Borrowing a football idiom, this is a holiday of two halves. Our next call is  Zanzibar’s version of Indian Ocean paradise.

We bounce along a road fringed by everyday society in perpetual motion. Catch any bystander’s gaze for more than second, and you will be rewarded with the widest of smiles.

Our driver dodges around a high-necked Brahman cow, stoically indifferent to the rules of the road. A bike lumbers past bearing the harvest from half a field. A joyous posse of pupils in their neat uniforms sprint out from a village school. And on some open land two boys run alongside a priceless, unbreakable toy you will never find in Hamleys, a big  fat car tyre.

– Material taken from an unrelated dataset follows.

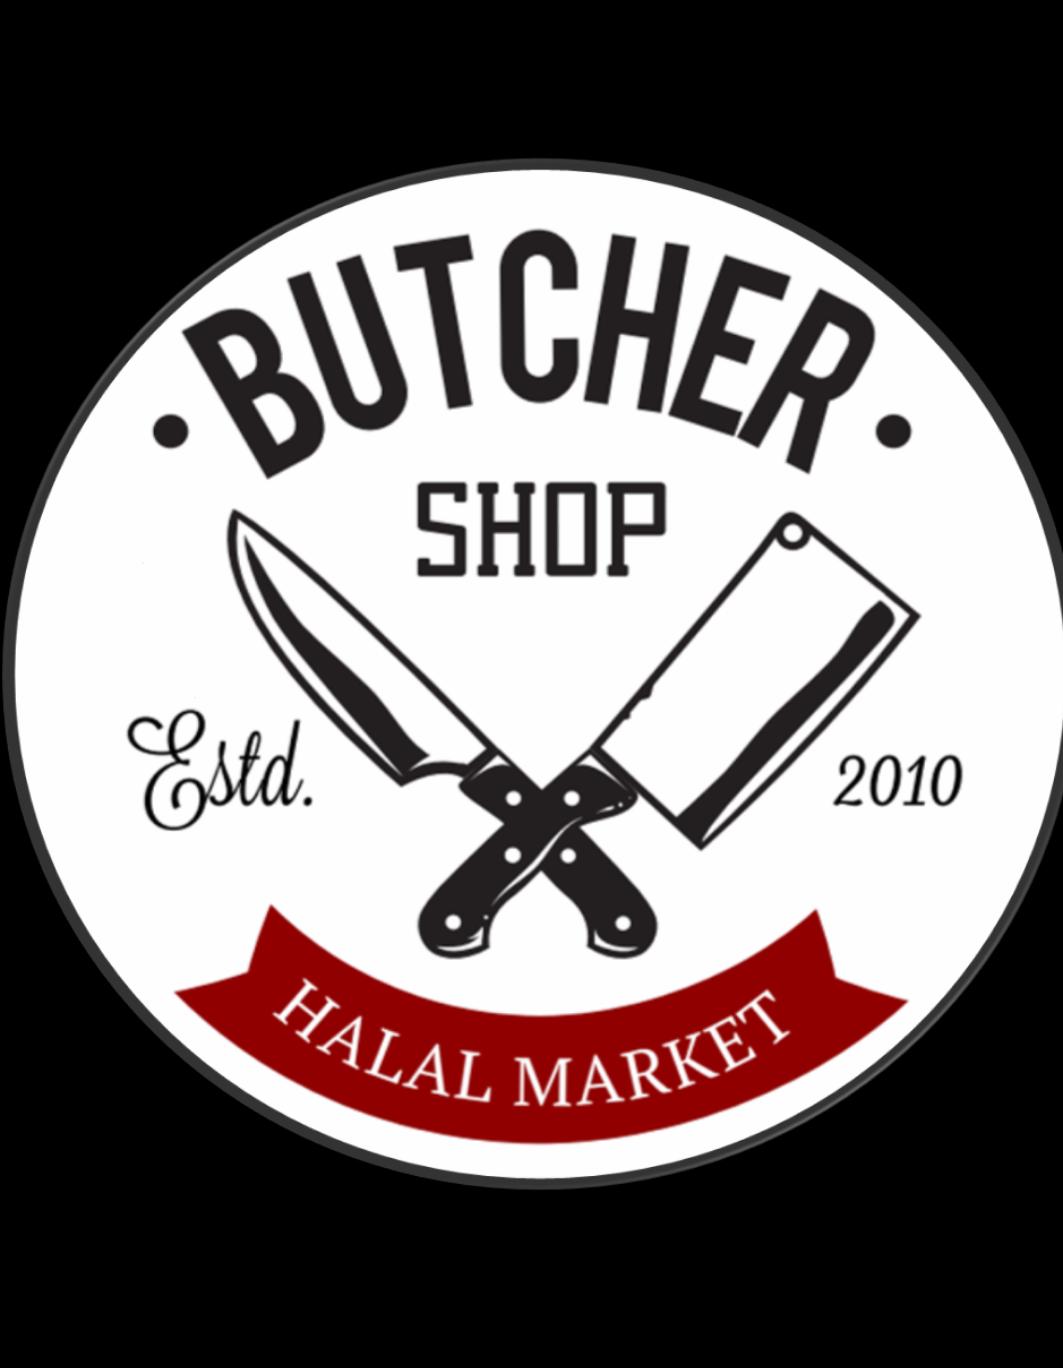 The Butcher Shop Halal Market logo

We stay on the northern tip of the island at the Essque Zalu, soon to be rebranded the Per Aquum. My villa is on a rocky ledge looking over sand like synthetic gold dust. A sea of 50 shades of blue washes gently over a cordon of coral reef just offshore.

The choice is pampering, diving and snorkelling, a trip to a spice farm – much of the  interior has been tamed to produce fruit and spices – gyms and yoga, lounging and more  pampering. And in the evening a menu anchored around fish, caught just out there, and cooked in so many different ways in the island’s  spectacular spices.

Strolling along that deliciously sandy shore. I notice my shadow has shrunk to almost nothing under a towering midday sun – we were just 6° south of the Equator. Fisherman stand motionless, way out in the shallow water. Behind them vast clouds climb towards outer space. It looks like rain, but far, far away over the Serengeti.

Then a dramatic exit. The turning tide is calling the local fishermen. Dhows begin to drift out from the bay around the headland, first the odd one, then a handful, then a dozen, then the whole bay dancing with the billowing white sails of these ancient  craft. We will dine well tonight.